Department of Biomedical Engineering, Columbia University, New York, NY, 10027, USA.
Department of Medicine, Division of Hematology/Oncology, Columbia University Irving Medical Center, New York, NY, 10032, USA.
Sci Rep. 2022 Jan 11;12(1):559. doi: 10.1038/s41598-021-04286-5.

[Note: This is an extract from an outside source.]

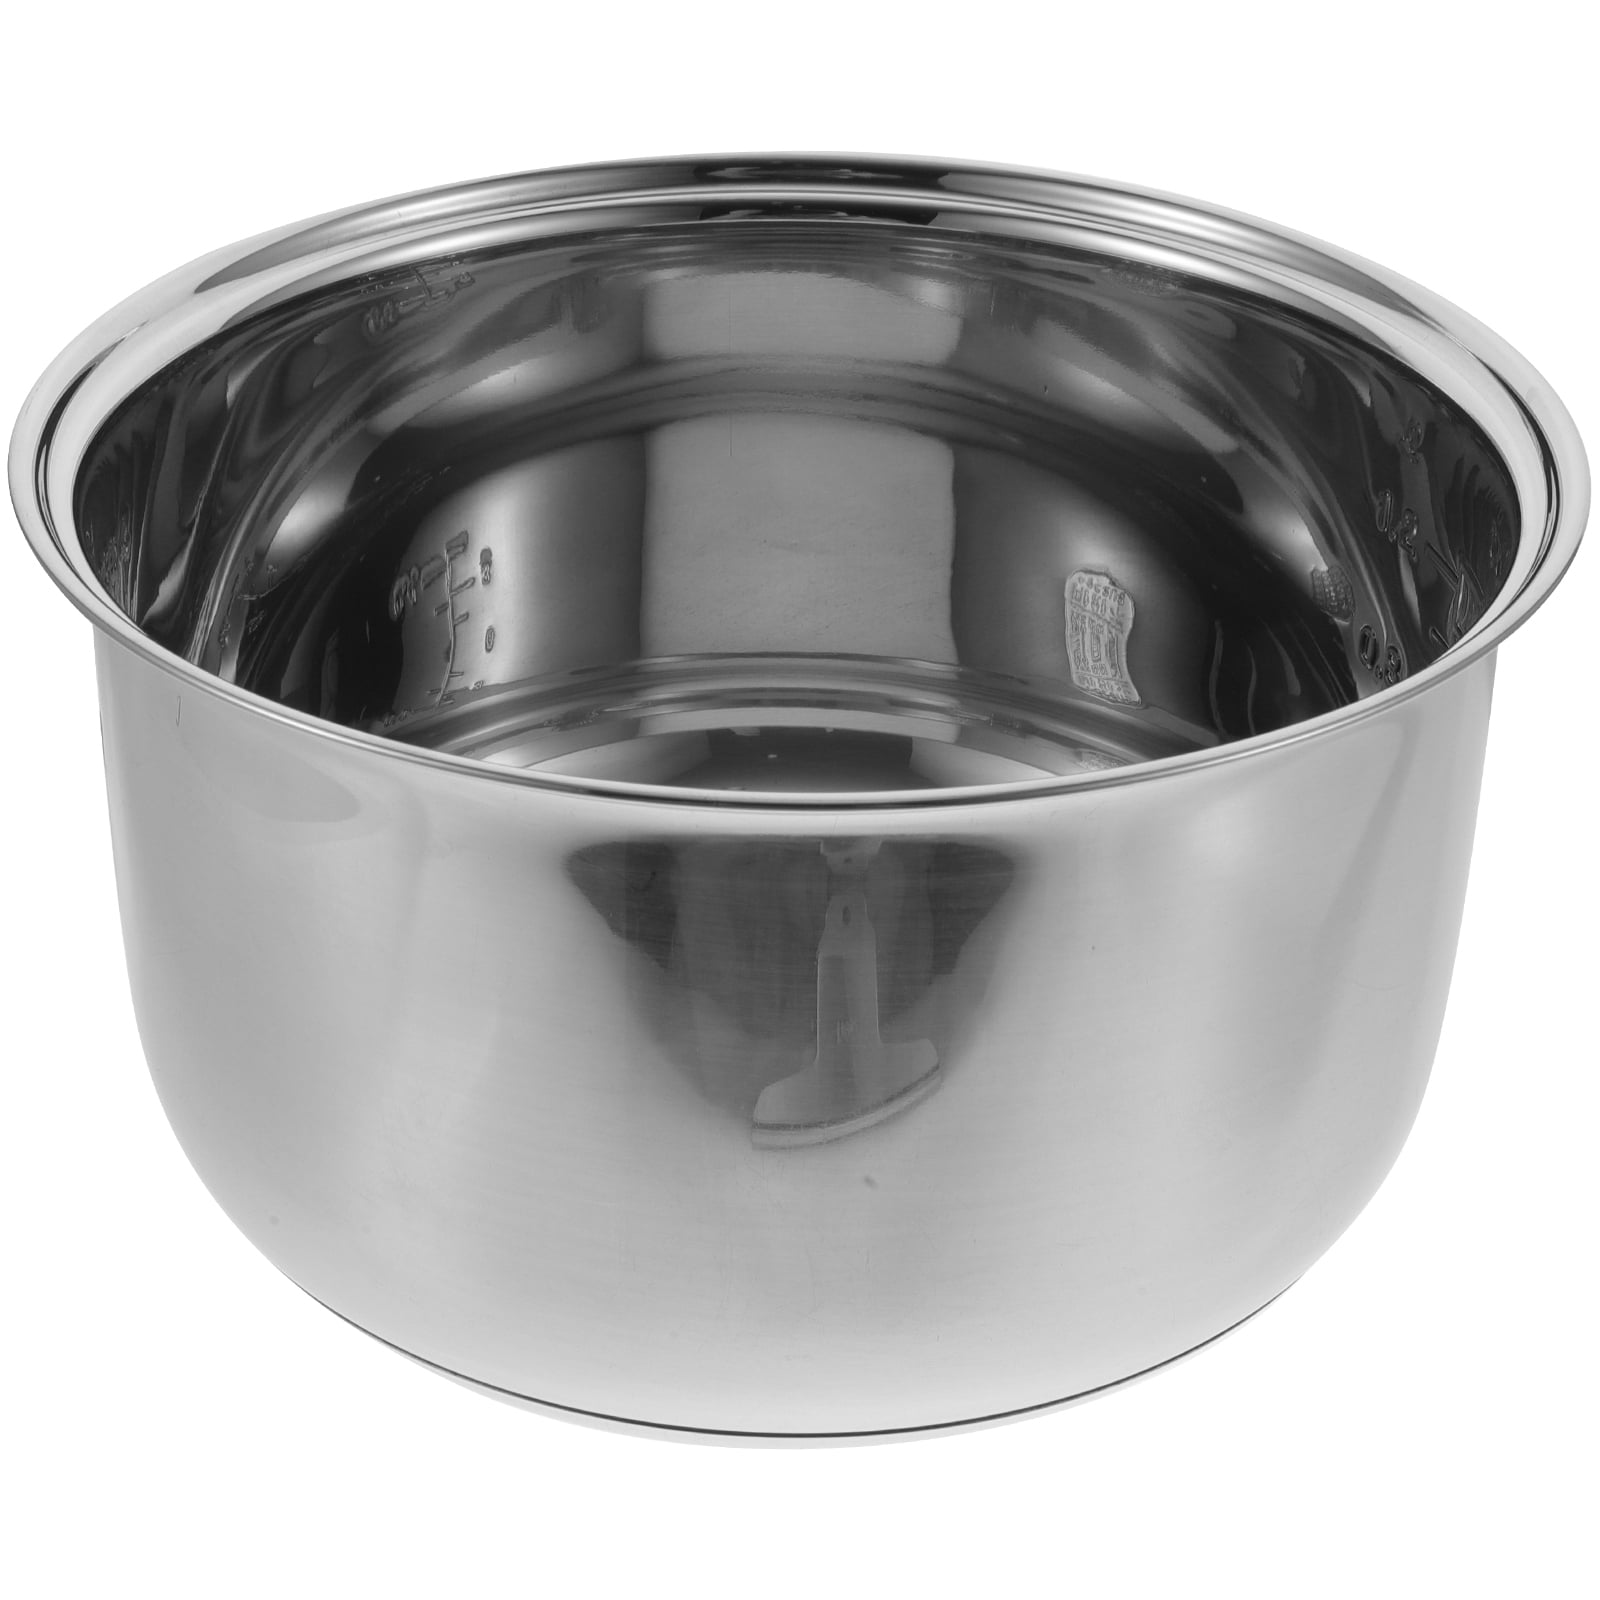 Rice Cooker Inner Pot: Inner Cooking Pot 4L Cooking Pot Liner Stainless  Steel Rice Container Replacement for Electric Rice Maker Pressure Cooker

Identification of cognate interactions between antigen-specific T cells and dendritic cells (DCs) is essential to understanding immunity and tolerance, and for developing therapies for cancer and autoimmune diseases. Conventional techniques for selecting antigen-specific T cells are time-consuming and limited to pre-defined antigenic peptide sequences. Here, we demonstrate the ability to use deep learning to rapidly classify videos of antigen-specific CD8 T cells. The trained model distinguishes distinct interaction dynamics (in motility and morphology) between cognate and non-cognate T cells and DCs over 20 to 80 min. The model classified high affinity antigen-specific CD8 T cells from OT-I mice with an area under the curve (AUC) of 0.91, and generalized well to other types of high and low affinity CD8 T cells. The classification accuracy achieved by the model was consistently higher than simple image analysis techniques, and conventional metrics used to differentiate between cognate and non-cognate T cells, such as speed. Also, we demonstrated that experimental addition of anti-CD40 antibodies improved model prediction. Overall, this method demonstrates the potential of video-based deep learning to rapidly classify cognate T cell-DC interactions, which may also be potentially integrated into high-throughput methods for selecting antigen-specific T cells in the future.
鉴定抗原特异性 T 细胞与树突状细胞(DCs)之间的同源相互作用对于理解免疫和耐受以及开发癌症和自身免疫性疾病的治疗方法至关重要。选择抗原特异性 T 细胞的传统技术既耗时又限于预先定义的抗原肽序列。在这里,我们展示了使用深度学习快速分类抗原特异性 CD8 T 细胞视频的能力。经过训练的模型可以区分同源和非同源 T 细胞与 DC 之间 20 到 80 分钟的不同相互作用动力学(在运动和形态上)。该模型以 0.91 的曲线下面积(AUC)从 OT-I 小鼠中分类高亲和力抗原特异性 CD8 T 细胞,并且很好地推广到其他类型的高亲和性和低亲和性 CD8 T 细胞。该模型的分类准确性始终高于简单的图像分析技术,以及传统的用于区分同源和非同源 T 细胞的指标,例如速度。此外,我们证明了添加抗 CD40 抗体可改善模型预测。总体而言,该方法证明了基于视频的深度学习快速分类同源 T 细胞-DC 相互作用的潜力,该方法将来也可能集成到高通量选择抗原特异性 T 细胞的方法中。